Both linear and logistic regression provide an estimate for the conditional expectation:

\[ \mbox{E}(Y \mid X=x) \] which in the case of of binary data is equivalent to the conditional probability

\[ \mbox{Pr}(Y = 1 \mid X = x) \]

Once we move on to more complex example we will see that linear regression is limited and not flexible enough to be useful. The techniques we learn are essentially approaches to estimating the conditional probability in a way that is more flexible.

6 Case study: Is it a 2 or a 7?

In the two simple examples above we only had one predictor. We actually do not consider these machine learning challenges, which are characterized by challenges with many predictors. Let’s go back to the digits example in which we had 784 predictors. However, for illustrative purposes we will start with an example with 2 predictors and two outcomes.

We want to build an algorithm that can determine if a digit is a 2 or 7 from the predictors. We are not quite ready to build algorithms with 784 predictors so we will extract two simple predictors from the 784: the proportion of dark pixels that are in the upper left quadrant (\(X_1\)) and the lower right quadrant (\(X_2\)).

We then selected a random sample of 1,000 digits, 500 in the a train set and 500 in the test set and provide them here:

data("mnist_27")

We can explore this data by plotting the two predictors and use colors to denote the labels:

mnist_27$train %>% ggplot(aes(x_1, x_2, color = y)) +
  geom_point()

We can immediately see some patterns. For example, if \(X_1\) (the upper left panel) is large, then the digit is probably a 7. Also, for smaller values of \(X_2\) the 2s appear to be the mid range values.

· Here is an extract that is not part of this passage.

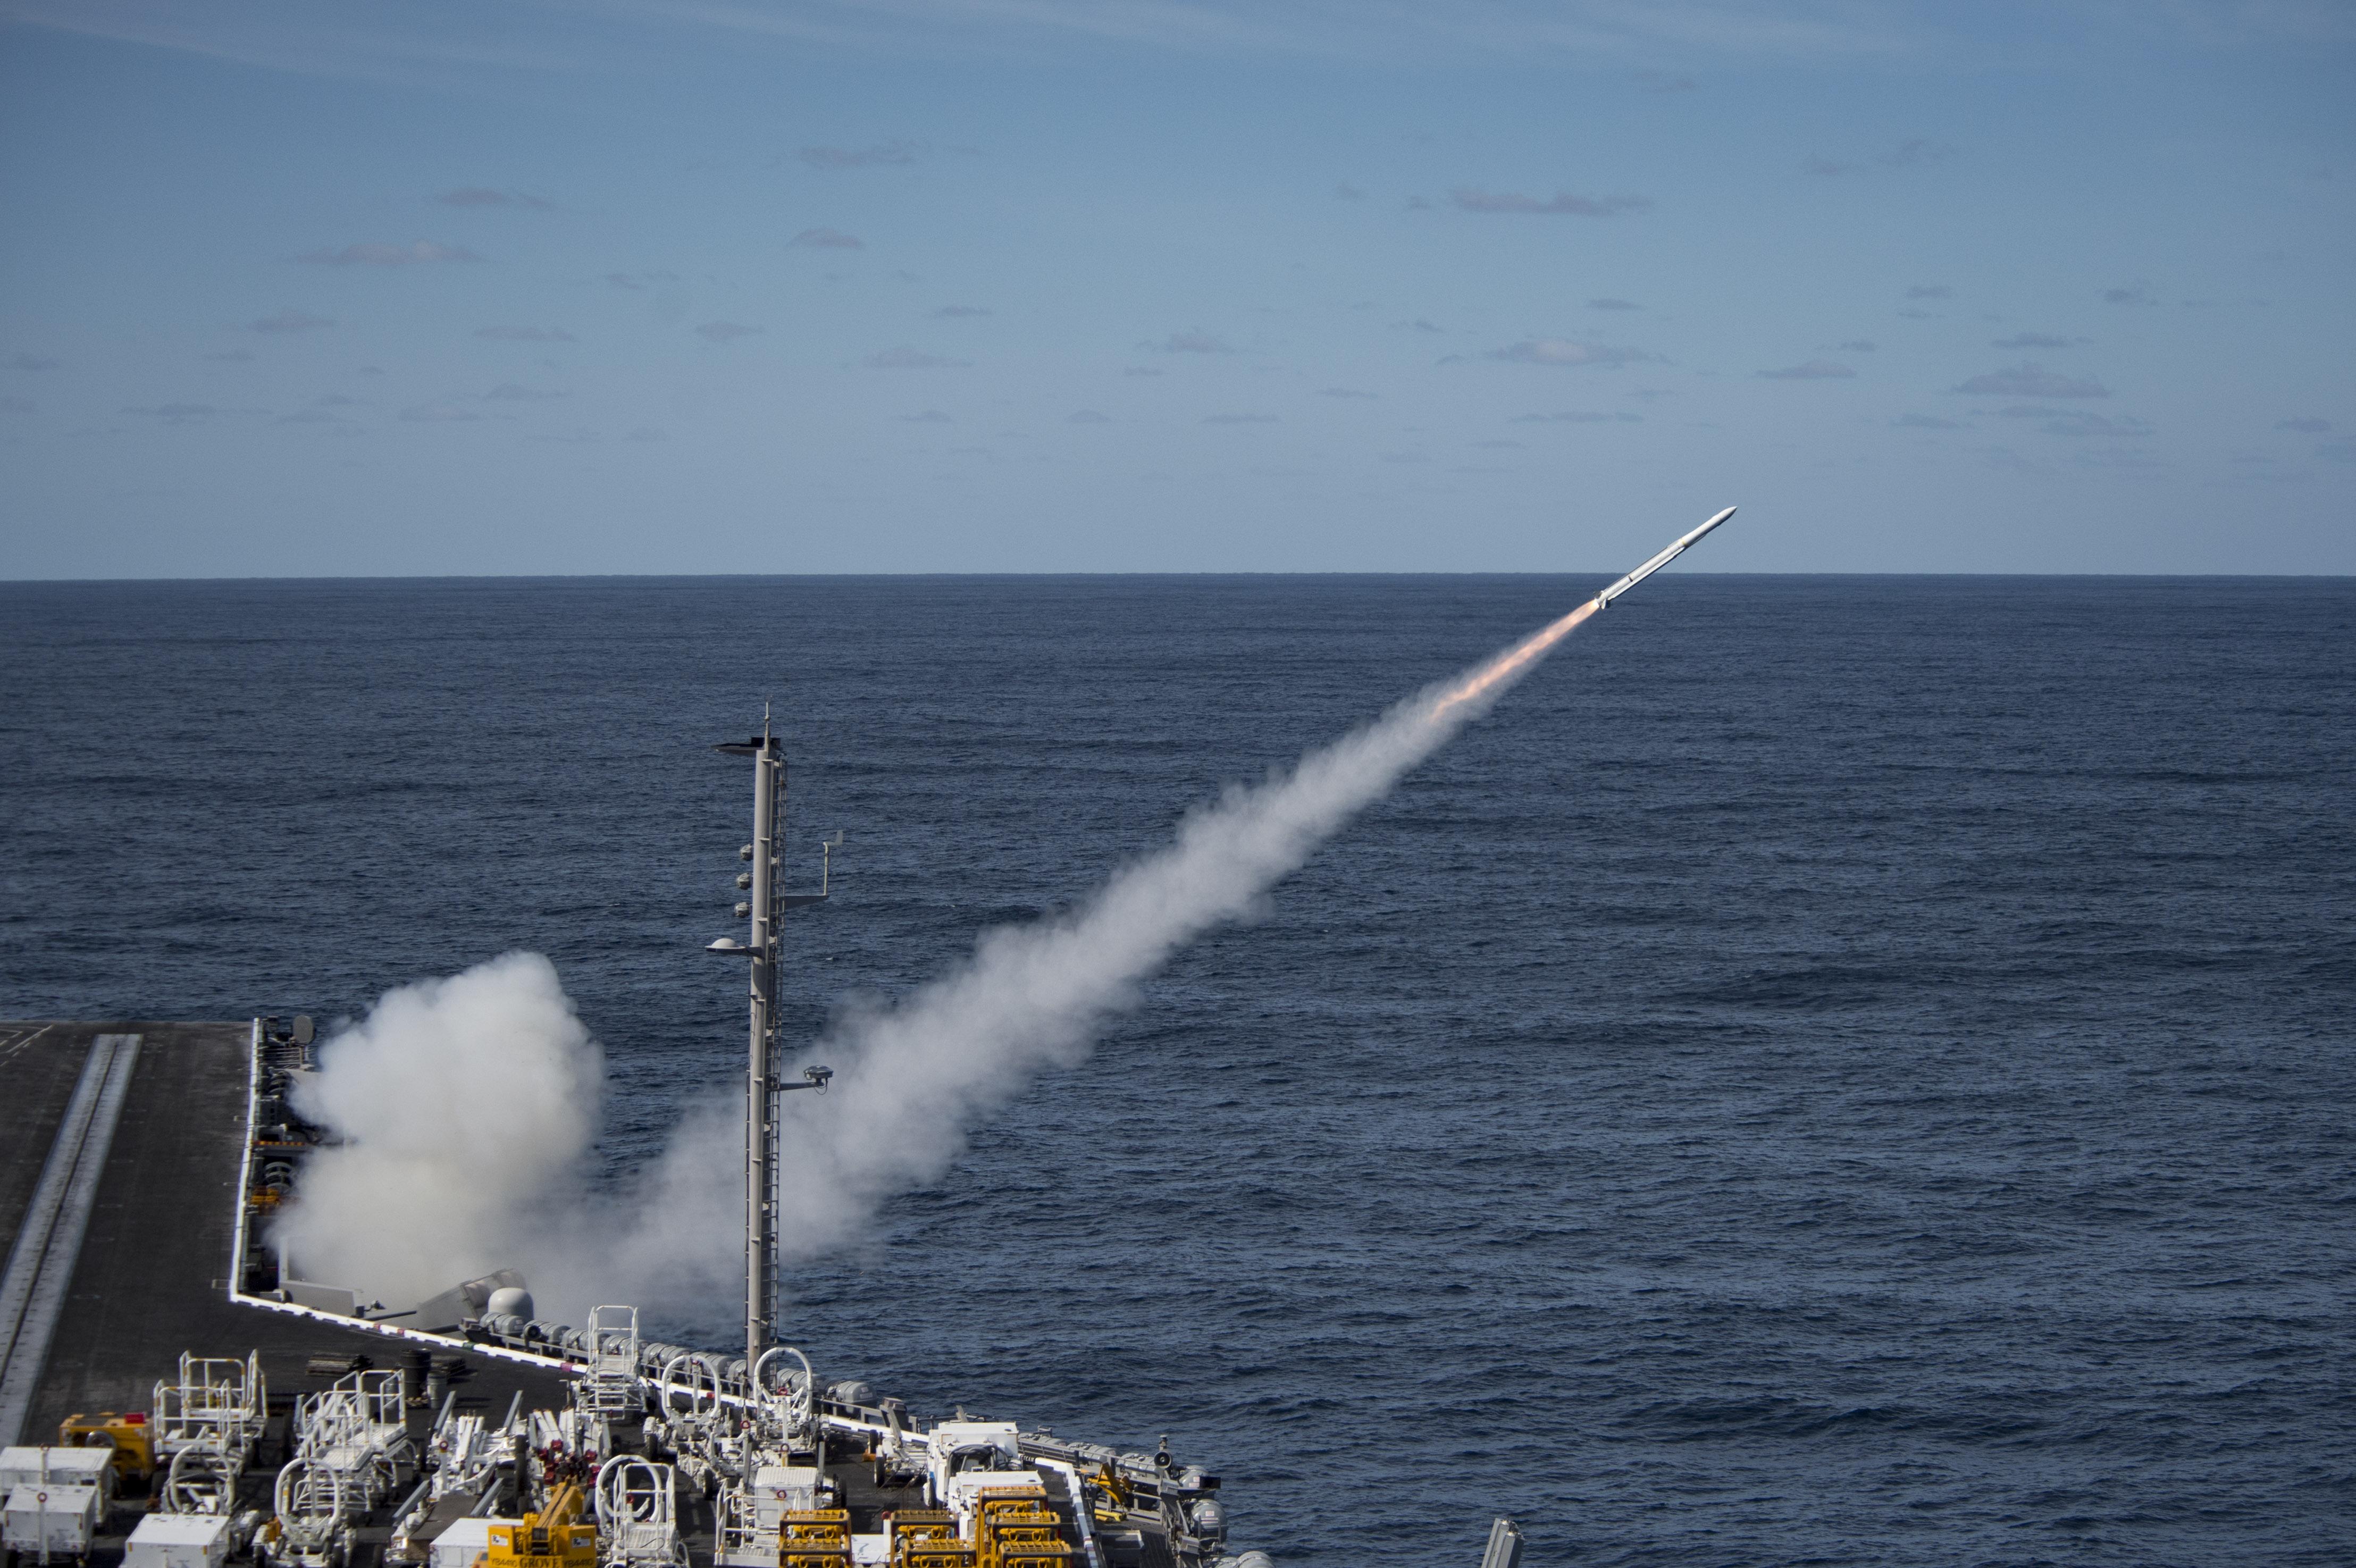 Evolved Seasparrow Missile Block 2 Successfully Intercepts Aerial

These are the images of the digits with the largest and smallest values for \(X_1\):

And here the original images corresponding to the largest and smallest value of \(x_2\):

We can start getting a sense for why these predictors are useful but also why the problem will be somewhat challenging.

So let’s try building a machine learning algorithm. We haven’t really learned any algorithms yet, so let’s start with logistic regression. The model is simply:

\[ p(x_1, x_2) = \mbox{Pr}(Y=1 \mid X_1=x_1 , X_2 = x_2) = g^{-1}(\beta_0 + \beta_1 x_1 + \beta_2 x_2) \]

with \(g^{-1}\) the inverse of the logistic function: \(g^{-1}(x) = \exp(x)/\{1+\exp(x)\}\). We fit it like this:

fit <- glm(y ~ x_1 + x_2, data=mnist_27$train, family="binomial")

We can now build a decision rule based on the estimate of \(\hat{p}(x_1, x_2)\):

p_hat <- predict(fit, newdata = mnist_27$test, type="response")
y_hat <- factor(ifelse(p_hat > 0.5, 7, 2))
library(caret)
confusionMatrix(data = y_hat, reference = mnist_27$test$y)
## Confusion Matrix and Statistics
## 
##           Reference
## Prediction  2  7
##          2 82 26
##          7 24 68
##                                          
##                Accuracy : 0.75           
##                  95% CI : (0.684, 0.8084)
##     No Information Rate : 0.53           
##     P-Value [Acc > NIR] : 1.266e-10      
##                                          
##                   Kappa : 0.4976         
##  Mcnemar's Test P-Value : 0.8875         
##                                          
##             Sensitivity : 0.7736         
##             Specificity : 0.7234         
##          Pos Pred Value : 0.7593         
##          Neg Pred Value : 0.7391         
##              Prevalence : 0.5300         
##          Detection Rate : 0.4100         
##    Detection Prevalence : 0.5400         
##       Balanced Accuracy : 0.7485         
##                                          
##        'Positive' Class : 2              
## 

We get an accuracy of 0.79! Not bad for our first try. But can we do better?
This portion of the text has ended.